When we think of a hoax, things like Bigfoot and UFOs come to mind. But music has its own share of hoaxes. The genre is even called “musical hoax.” You might not realize this, but many of us have musical hoaxes in our repertoire.

Many hoaxes come from the 1910s-1960s, the high point of neo-classical style in music. We can think of Stravinsky reinventing music by Tchaikovsky for The Fairy’s Kiss and (misattributed) Pergolesi’s music for Pulcinella, Richard Strauss using Lully’s music in his Le bourgeois gentilhomme, along with other baroque and classical forms, and many other examples.
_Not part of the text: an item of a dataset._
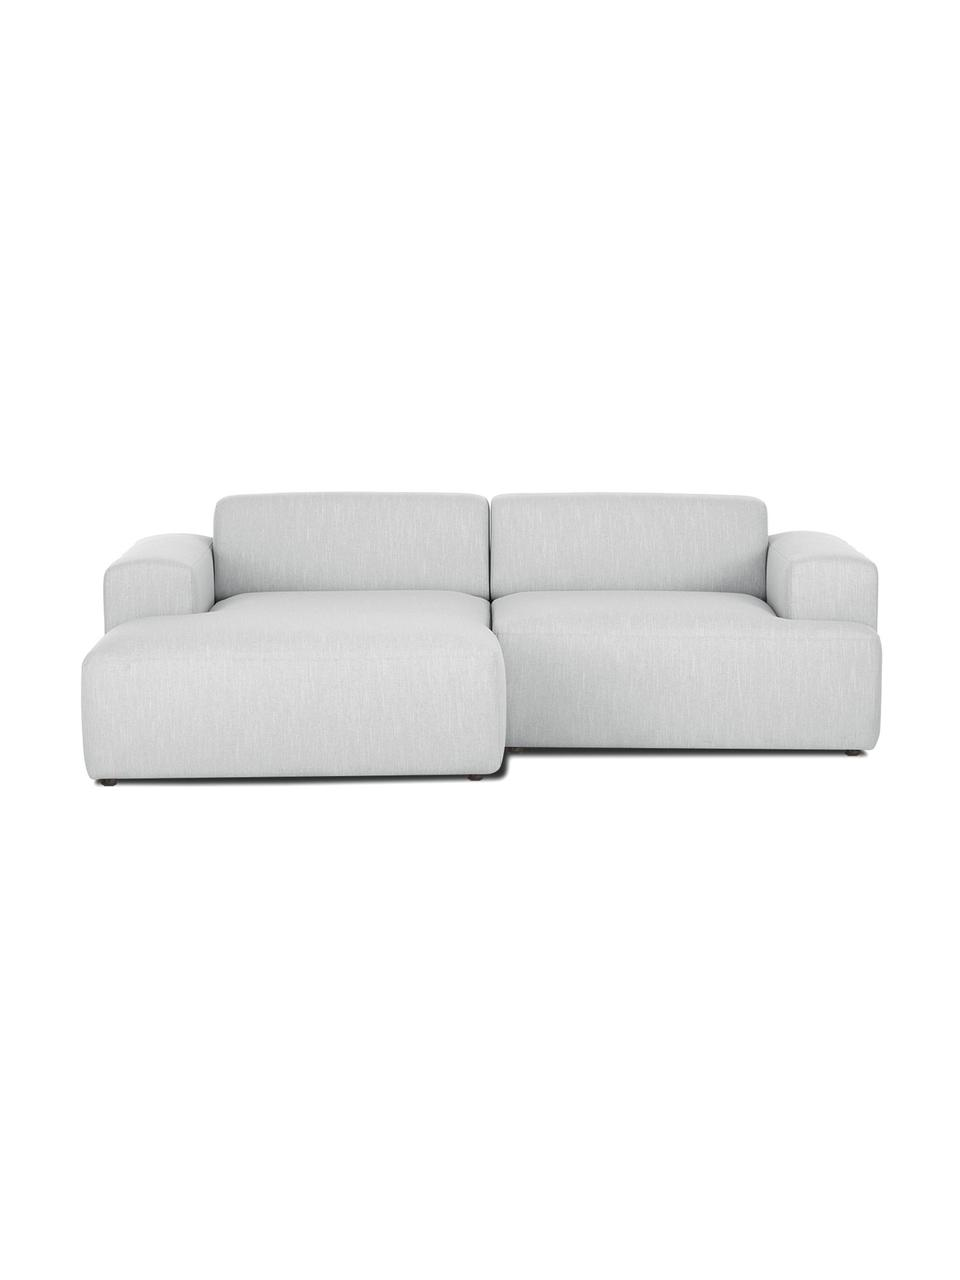 Ecksofa Melva (3-Sitzer) in Hellgrau, Bezug: 100% Polyester Der hochwe, Gestell: Massives Kiefernholz, FSC, Füße: Kunststoff, Webstoff Hellgrau, B 239 x T 143 cm

Telemann meets (game of) Telephone?

The first piece I ever played in my middle school orchestra was a hoax: Telemann’s Sinfonia (After Trio in a minor). This work was composed by Robert Bennett Brown and published by Carl Fischer. This piece sounds a lot like Vivaldi and nothing like Telemann. When I contacted Carl Fischer about it, they said they didn’t know where Brown obtained his source. I maintain that he obtained it from his imagination.
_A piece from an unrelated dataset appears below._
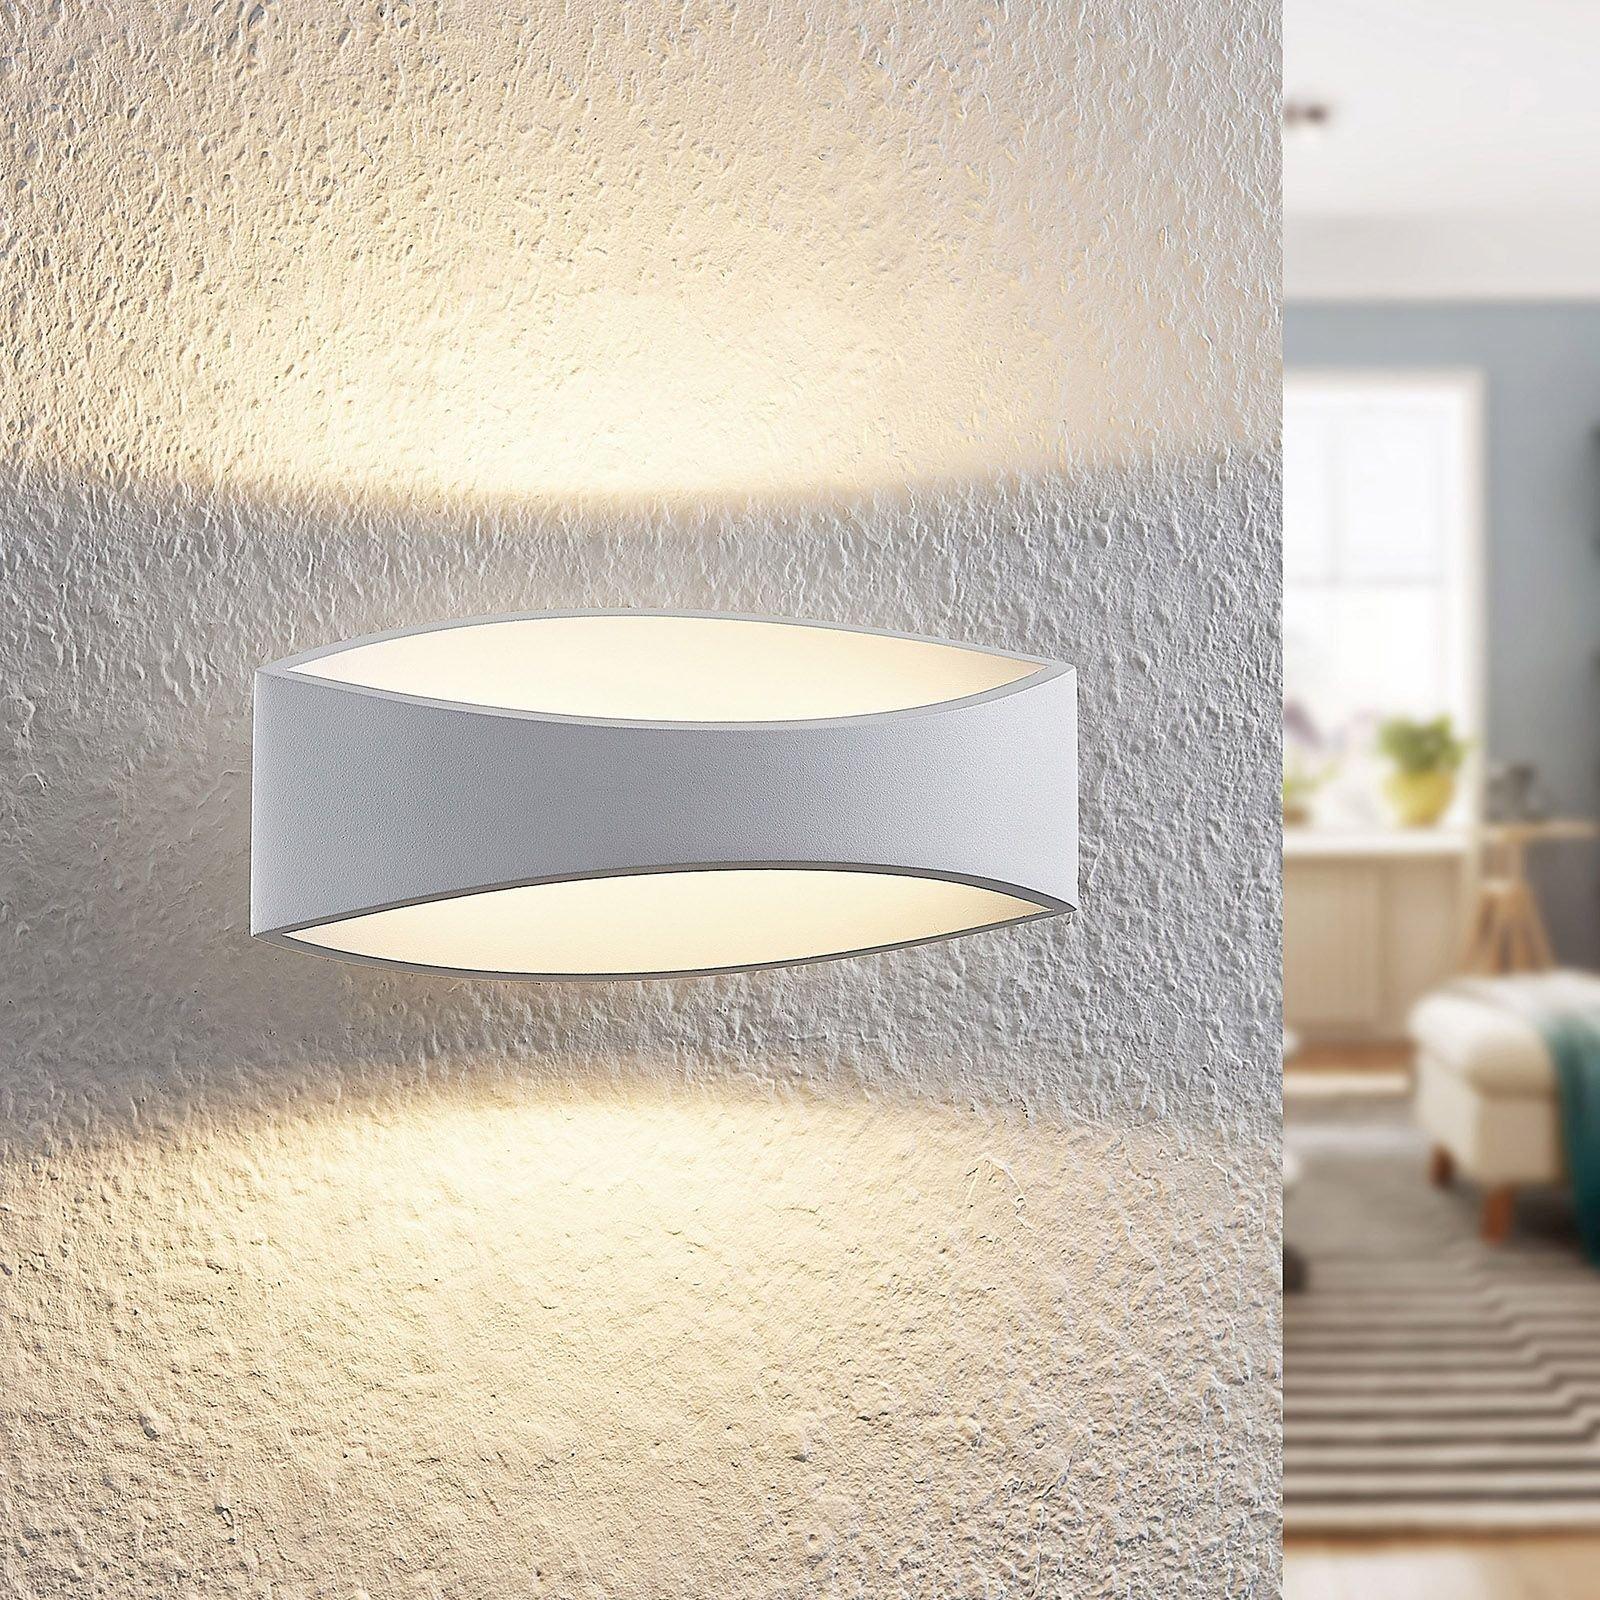 Arcchio Jelle LED-vegglampe, 25 cm, hvit

Brown’s “Telemann Sinfonia”

Vivaldi’s Concerto in A minor

Telemann’s Trio in A minor (one of many)

What makes a musical hoax different from a pastiche or a misattribution?

A musical hoax is a piece of music composed by an individual who intentionally misattributes it to someone else. A hoax is a new composition, not something that existed before.

The most prolific hoaxer was Fritz Kreisler. Because Kreisler has so many forgeries, it is important to distinguish them from his arrangements. Here is a shortlist of Kreisler’s most common forgeries:

  • Boccherini – Allegretto
  • Francoeur – Sicilienne and Rigaudon
  • Pugnani – Praeludium and Allegro, and Tempo di Minuetto
  • Vivaldi  – Violin Concerto in C major (as if Vivaldi did not write enough violin concertos)

Kreisler’s arrangement of Variations on a Theme by Corelli is actually by Tartini, from The Art of Bowing.

Gaspar Cassadó’s Toccata

Another hotly debated piece in the cello world is Gaspar Cassadó’s Toccata, which he claimed was by Frescobaldi.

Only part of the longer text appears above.